Ever since the roll-out of the Google Penguin update last year, there has been a debate going on among online marketers as to what is the right way forward with regard to promoting websites on the internet. Some say that because of Penguin’s clamp down on low quality links and web spam, old-skool link building is dead, and that content marketing is only way forward. Others say that content marketing is a red herring, and that traditional link building is still a viable strategy. Still others proclaim that a combination of the two is only way to go; this is my view.
The Growth of Content Marketing
Content marketing is not a new concept – it has been around for over 100 years. One of the first recognised forays into content marketing is seen as the Michelin Restaurant Guides, made for the first time in 1900; they were made by a tyre company (!), for the benefit of motorists who travelled the country, and were looking for places to eat. Michelin tyres were early pioneers in producing content in a “boring” industry; they did the now common tactic of looking for content ideas in a niche adjacent to theirs (restaurants), rather than endlessly struggling to say something interesting about tyres.
The term “content marketing” has become very much a buzzword in SEO circles over the last couple of years, and is sometimes treated as if it is a new idea, when obviously it’s not. It is a new concept to many SEO’s however. The main idea behind content marketing is that rather than spamming Google with thousands of low quality paid for, automated, links, or manually going out and begging, buying or stealing links for your website, you actually provide something of value to your users on the web. Rather than using the traditional “push” or “outbound” marketing of old, where it’s all “me, me, me!”, pushing marketing at people who don’t want to see it, you instead meet people where marketing has traditionally said that they need to be met – at the point of the customer’s need.

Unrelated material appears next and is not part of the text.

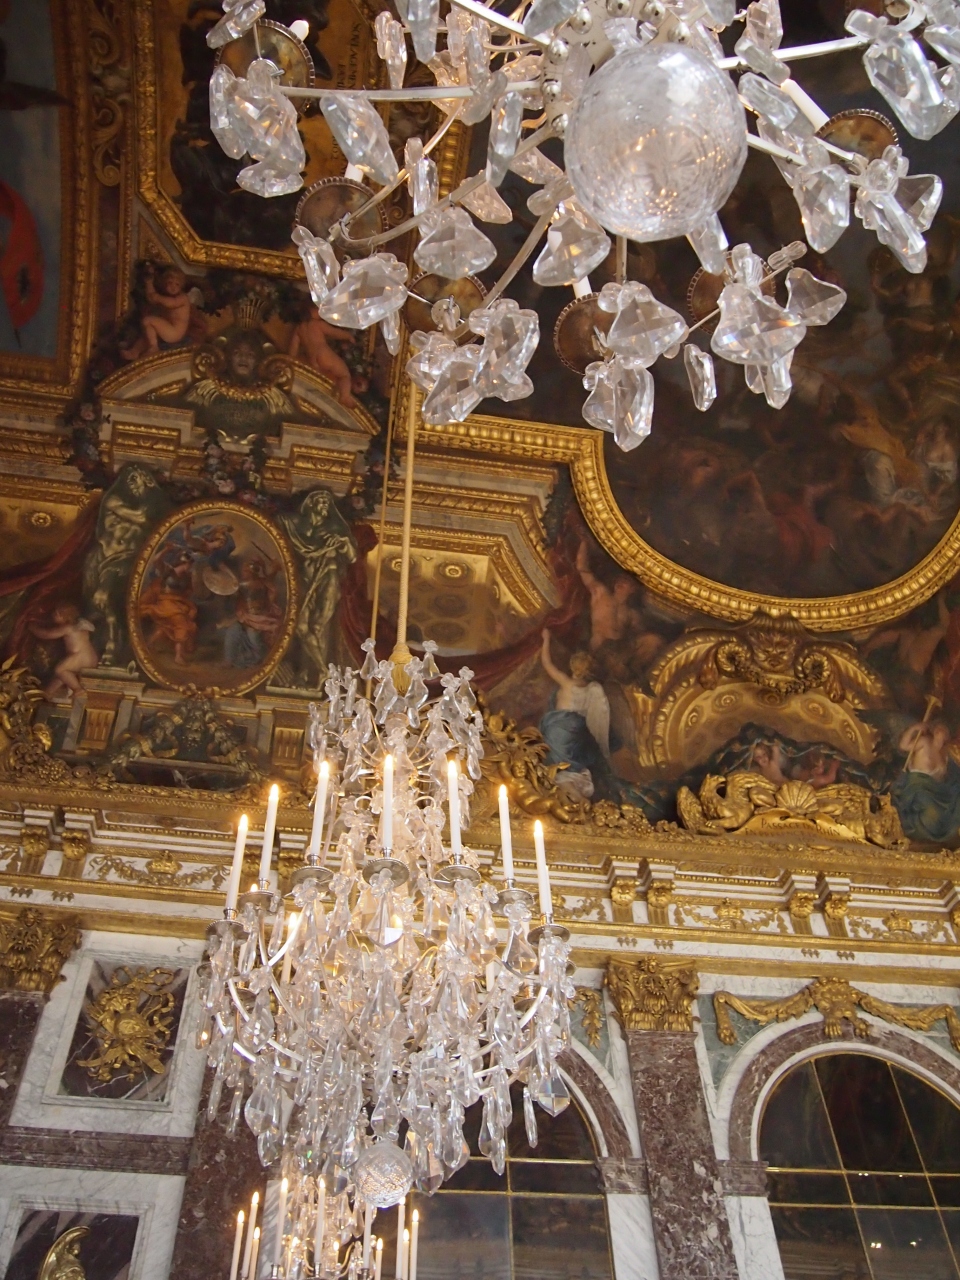 ふらっと一人でパリ旅行 二日目前編 ヴェルサイユ宮殿 マルシェ散策 パリ フランス の旅行記 ブログ By Ecoさん フォートラベル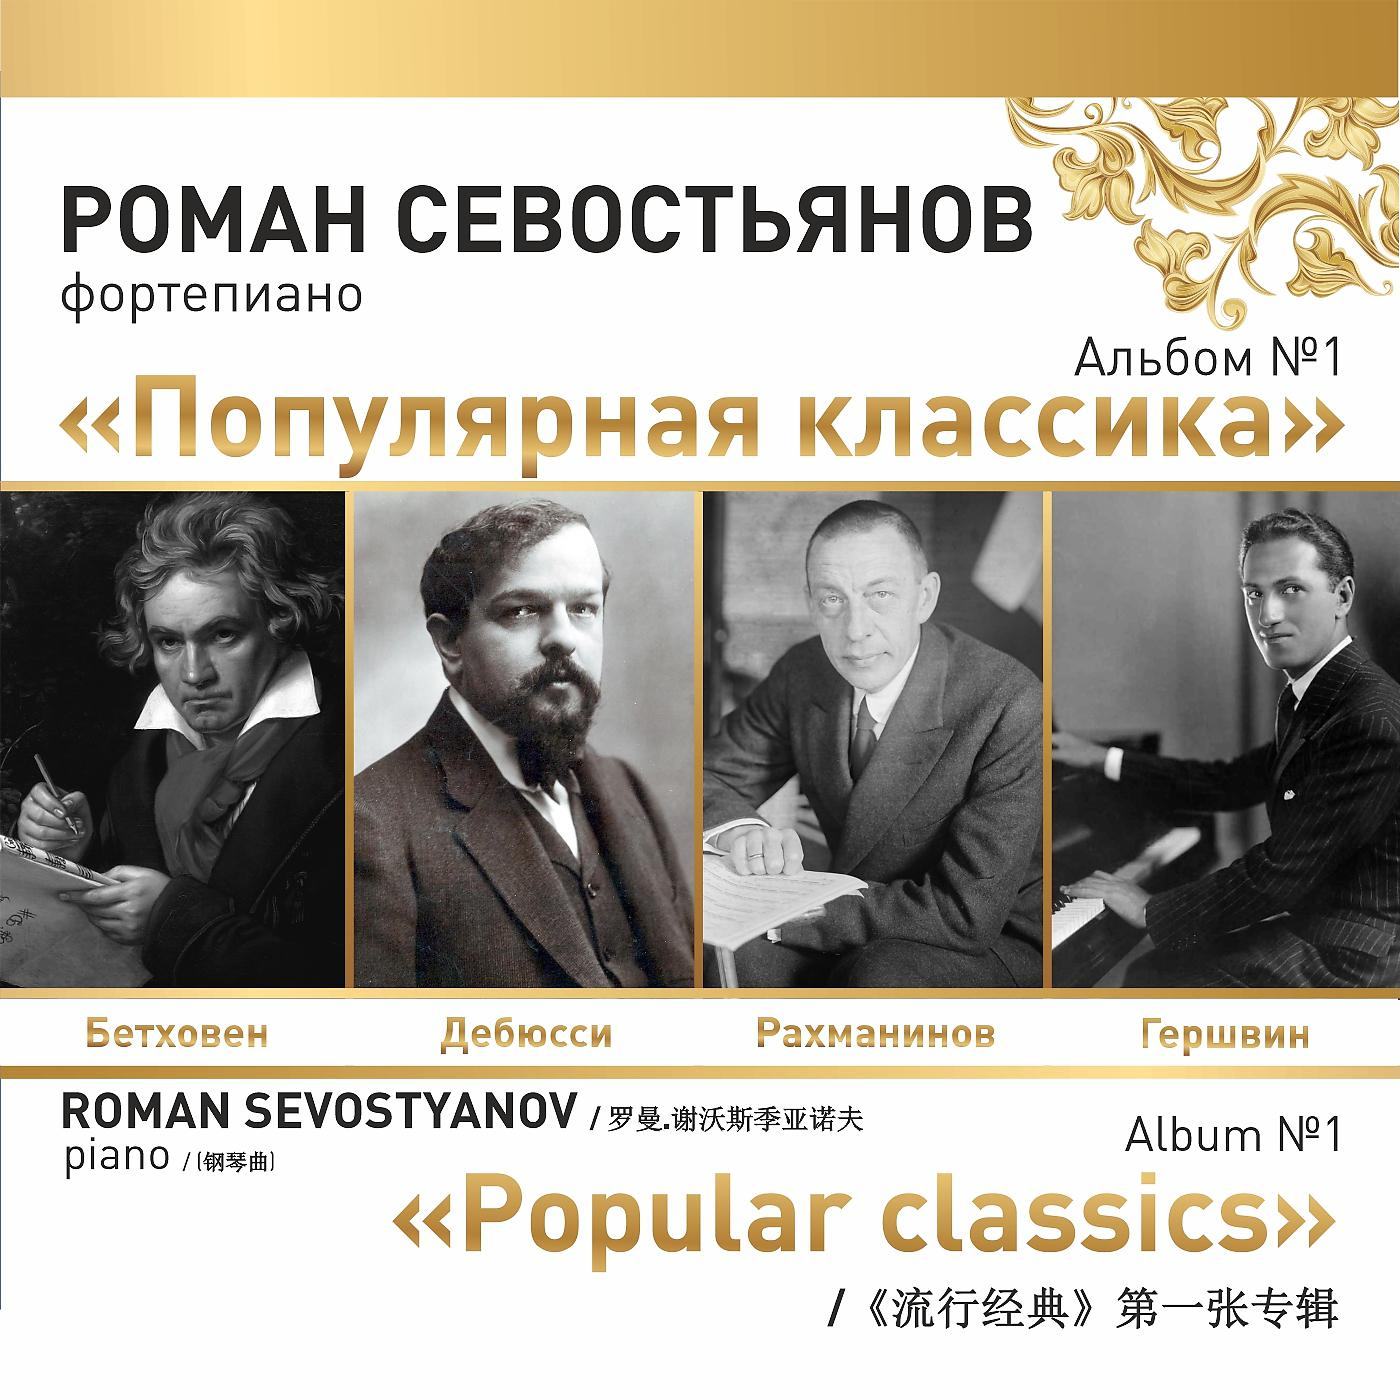 Постер альбома Альбом №1 "Популярная классика"

Example: a luxury holiday company has been trying traditional SEO tactics to some success, but wants to take things to the next level; so they start hiring writers to write content for their site; specifically, histories of the countries they are selling holidays to. Users start to click on these histories as they research and plan their holidays, and trust begins to grow between these users and the tour operator, and they are more likely to purchase with them because they have engaged with the content and trust the brand more. That’s the concept in a nutshell; it’s all about earning interest and trust with users and customers, rather than begging, borrowing or buying it. It’s about being a great brand, not pretending to be one.
The Death of Link Building?
IMHO, the death of SEO and link building has been greatly exaggerated. Yes, since Panda and Penguin , a certain type of link building has been consigned to the waste bin (where it had always been, really – Penguin just nailed the last nail in the coffin) – I’m talking mass directory submissions, article marketing, forum and comment spam, plus all the other automated crap that black hatters seem to pollute the web with. Since Penguin, very few SEO’s are selling these tactics to their clients. Talk of content marketing has taken over.
But white-hat link building is different – these white hatters take the manual approach, sourcing out link prospects individually, tailoring outreach individually, and looking to partner with sites, not just spam them with crap. This type of link building, which is more aligned with traditional marketing, has a future. Indeed, the future seems to be in a hybrid of content marketing and link building….
Content and Link building Together – The Future?
Many content marketers seem to forget the fact the term “content marketing” has the word “marketing” in; they just presume that if the content is good enough, then the “build it and they will come” philosophy will prevail. This is true in some cases, in most this is simply not true.
Yes, you have to build great content, but you have to market it as well. One of my favourite definitions of marketing is “creating something remarkable, then telling people about it,” This so true – you have to push your content out there, bang the drum, and get the word out there. In the online world, this largely means link building (in addition to social and other promotion – basically inbound marketing).
So we can see that the battle between content marketing and SEO/link building is not really a battle at all – the best long term strategy for success is a combination of both.